The energy efficiency increase can be analytically modelled. Equation 17 gives the ETR ratio of a superscalar architecture versus a simple scalar processor; a value larger than one indicates that the superscalar design is more energy efficient. The S term is the ratio of the throughputs, and the C<sub>EFF</sub> terms are from the ratio of the energies (architectures are compared at constant supply voltage). The individual terms represent the contribution of the datapaths, C<sub>EFF</sub><sup>Dx</sup>, the memory sub-system, C<sub>EFF</sub><sup>Mx</sup>, and the dynamic scheduler and other control overhead, C<sub>EFF</sub><sup>Cx</sup>. The 0 suffix denotes the scalar implementation, while the 1 suffix denotes the superscalar implementation. The quantity C<sub>EFF</sub><sup>C0</sup> has been omitted, because it has been observed that the control overhead of the scalar processor is minimal: C<sub>EFF</sub><sup>C0</sup> <<C<sub>EFF</sub><sup>D0,M0</sup> [11].

$$ETR|_{RATIO} = \frac{S\left(C_{EFF}^{D0} + C_{EFF}^{M0}\right)}{\left(C_{EFF}^{C1} + C_{EFF}^{D1} + C_{EFF}^{M1}\right)}$$
(EQ 17)

Whether ILP architecture techniques can yield significant energy efficiency improvement is not inherently clear. The presence of  $C_{EFF}^{C1}$  due to control overhead, and increase of  $C_{EFF}^{M1}$  (with respect to  $C_{EFF}^{M0}$ ) due to unissued instructions, may even negate the increase due to S. Current investigation is attempting to quantify these terms and the resulting efficiency increase for a a variety of superscalar implementations.

Other aspects of architecture design can be optimized for improved efficiency. One example is the reduction of extraneous switching activity by gating the clock to various parts of the processor when possible [12]. Another example is the minimization of the lengths of the most active busses.

*Circuit level*: The design techniques implemented at this level are similar for the fixed and maximum throughput modes. For example, the topologies for the various subcells (e.g. ALU, register file, etc.) should be selected by their ETR, and not solely for speed. Low-swing bus drivers are currently being investigate for high-speed operation; but, these drivers are also applicable to low power design because the energy per transition drops linearly with the voltage swing ( $\Delta V$  is reduced, not  $V_{DD}$ ).

The basic transistor sizing methodology is to reduce every transistor not in the critical path to minimum size to minimize  $C_{EFF}$ . There are a number of other techniques to minimize effective capacitance which are also viable for optimizing energy efficiency [1].
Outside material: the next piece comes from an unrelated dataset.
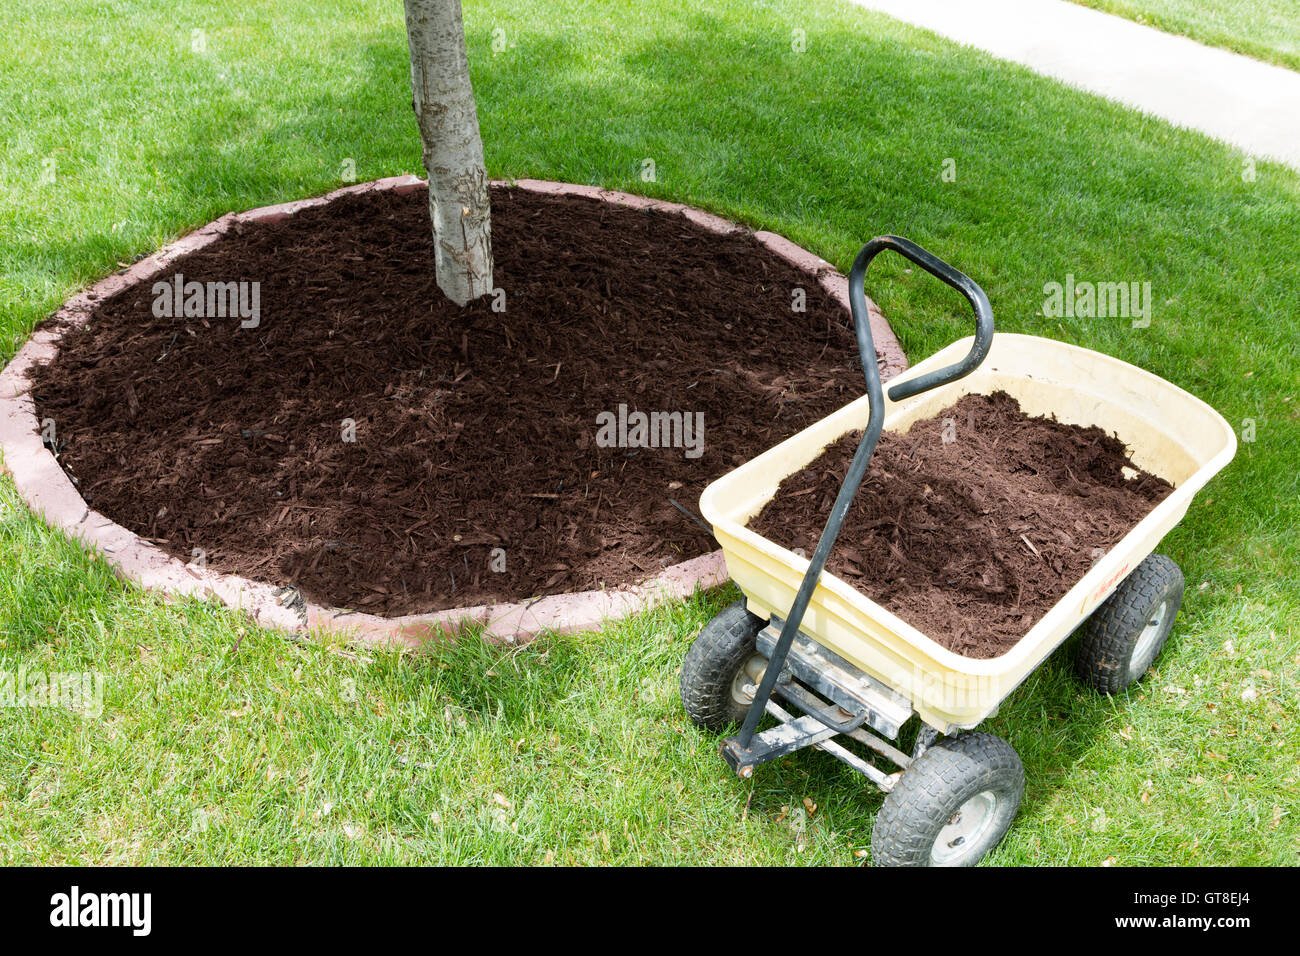 Mulch work around the trees growing in the backyard during springtime with a small yellow metal wheelbarrow full of organic mulc Stock Photo

# 4.4: Burst Throughput Optimization

If the energy consumed while idling is negligible compared to that consumed during bursts of computation, then the METR metric simplifies to the ETR metric, and all the design optimizations to increase energy efficiency in the maximum throughput mode are equivalently valid in the burst throughput mode.

However, if the energy consumption during idle dominates the total energy consumption, then different optimizations are required. As was shown in Equation 14, this occurs when the fractional time spent computing  $(T_{AVE}/T_{MAX})$  is less than the fractional power dissipation while idling ( $\beta$ ). Then the METR optimization is to minimize  $\beta$  and  $E_{MAX}$ , as seen from Equation 16. Furthermore, the exact optimization depends on whether  $\beta$  changes as the throughput T is varied as shown below.

 $\beta$  is independent of throughput: This case generally applies to processors with no power-down mode for idle periods; if the clock frequency remains the same (or proportional) during both computation and idle periods, then the idle power dissipation tracks the compute power dissipation. If the throughput is now increased while  $E_{MAX}$  is held constant (e.g. using parallelism, as was shown in Figure 5 to decrease the ETR), the METR remains constant because the increase in compute power dissipation causes the idle power dissipation to increase as well.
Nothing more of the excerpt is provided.